Сова фыркнула, но смолчала.
– У нас есть шанс получить свою землю, без дураков, далеко отсюда и от дайкинов с их вонючим Эдиктом.
– И в чем подвох? – Сощурился Вепрь, которого неприятно задело упоминание о графе Валенском.
– Там очень опасно. – Сообщил Ворон. – Кто слышал про Ивеллон?
– На Севере есть что-то такое… – Неуверенно произнесла Зяблик. – Вроде сказки. Ну, что там чудовища живут и все такое.
– Это не сказки. – Заявил Ворон. – Ни про Ивеллон, ни про чудовищ. Это земля за Длинным Фьордом и Эльфийскими горами. Прежде там жили драконы и Ледовые Эльфы, потом тролли и всякая шваль. Прадед нынешней королевы обещал любому, кто отобьет в Ивеллоне у нечисти клок земли и сможет на нем закрепиться, эту землю и титул.
– Ага! – Засмеялся Синица. – К полукровкам-то это как относится?! На нас никакие дайкинские права и привилегии не распространяются.
– Так было до сих пор. А теперь есть граф Валенский, который стребовал с королевы герцогскую корону для себя и герцогство Ивеллон для нас. Это теперь – его герцогство, и жить там будем мы.
– С чего такая щедрость? – Усомнился кто-то из Птиц.
– Он же квэнни, как и мы. И, в отличие от брата, до сих пор сам, как и мы, жил под Эдиктом, и всякого хлебнул, не сомневайтесь. Я рассказывать подробности не буду, но Сова не даст соврать, сама видела отметины, оставленные дайкинами на его теле. Честно скажу: Ивеллон – место страшное. Эльфы говорят, что победить тамошнюю духожабу – дело нереальное. Но если мы сумеем, то будет у нас собственное герцогство, где мы сами себе будем закон и порядок.
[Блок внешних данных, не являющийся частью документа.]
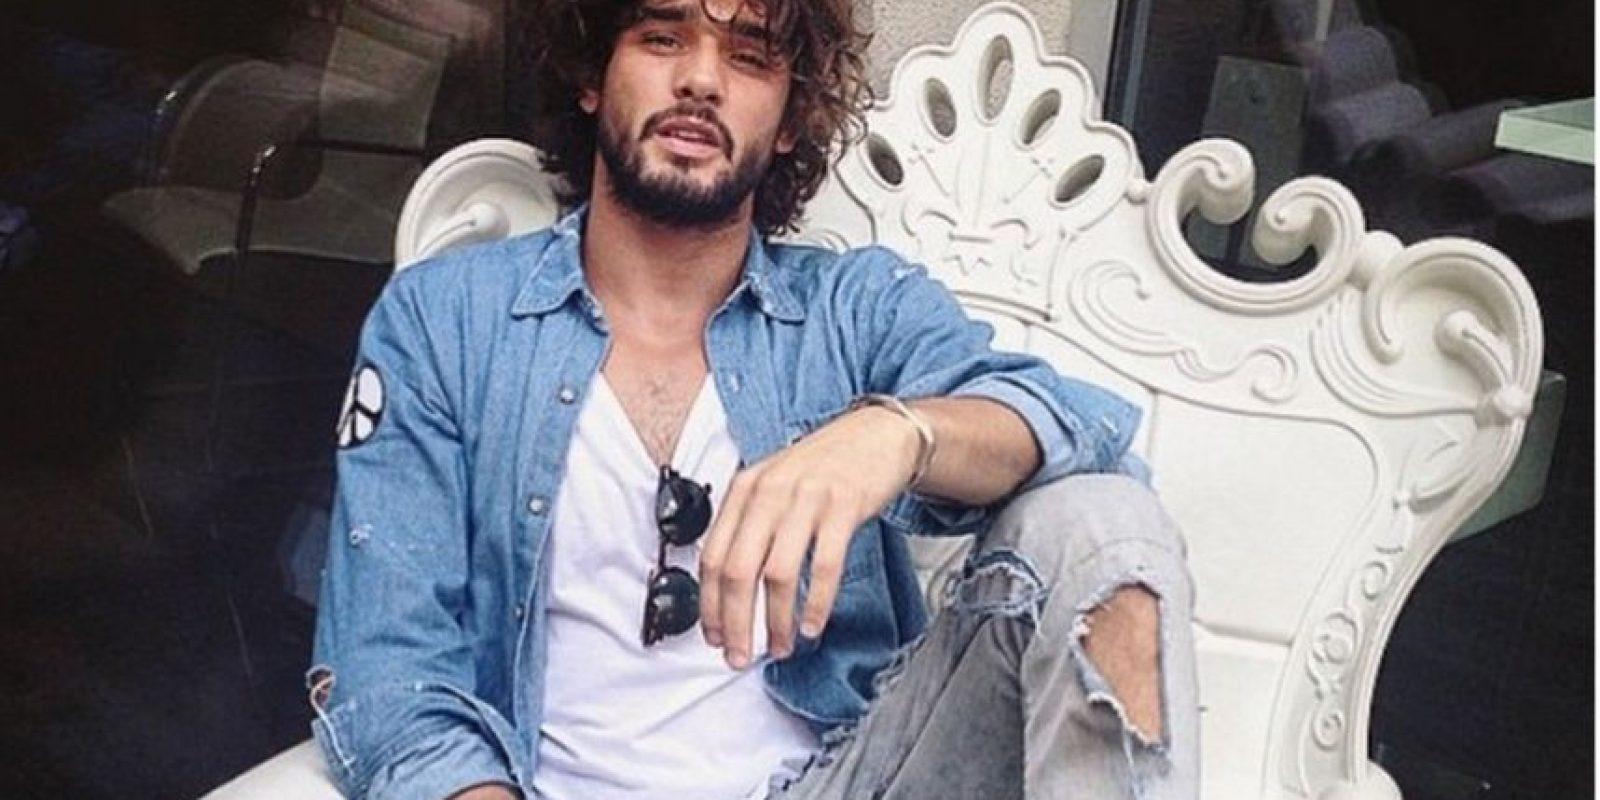 Desfiló para marcas como Armani, Dior, Dolce&Gabbana, Roberto Cavalli y Jean-Paul Gaultier Foto:Via instagram.com/marlontx/

И тогда ни дайкины, ни Эдикт их, нам будут уже вообще не интересны.
– Так они нам это и позволили. – Хмыкнул Вепрь. – Мы очистим Ивеллон от этой, как ее там, а дайкины потом очистят его от нас.
– Сова, дай карту. – Ворон расстелил на столе эльфийскую карту Острова, подробную, красочную, с изображением не только гор, рек и болот, но и деревьев, животных и представителей народов, обитающих в той или иной местности. Птицы заинтересованно сгрудились над ней. Все надписи были сделаны на эльфийском, и Сова читала их для остальных – она была самой грамотной в банде.
– Вот это – Дебри. – Показывал Ворон. – Вот это – Эльфийские Горы, это Длинный Фьорд, а это – Дракенсанг. С суши в Ивеллон не попасть никак, горы не дадут. Это территория Фанна, они никого сюда не пускают, даже остальных эльфов. Побережье – почти сплошь скалы, вглубь Ивеллона ведет вот этот фьорд. Поставить крепости здесь и здесь, и никогда никакие дайкинские корабли к нам не прорвутся.
– А здесь что?
– Здесь Вызима, руссы. Они тоже абы кого не привечают. И еще. Граф обещал, что крещение мы получим. В православную веру.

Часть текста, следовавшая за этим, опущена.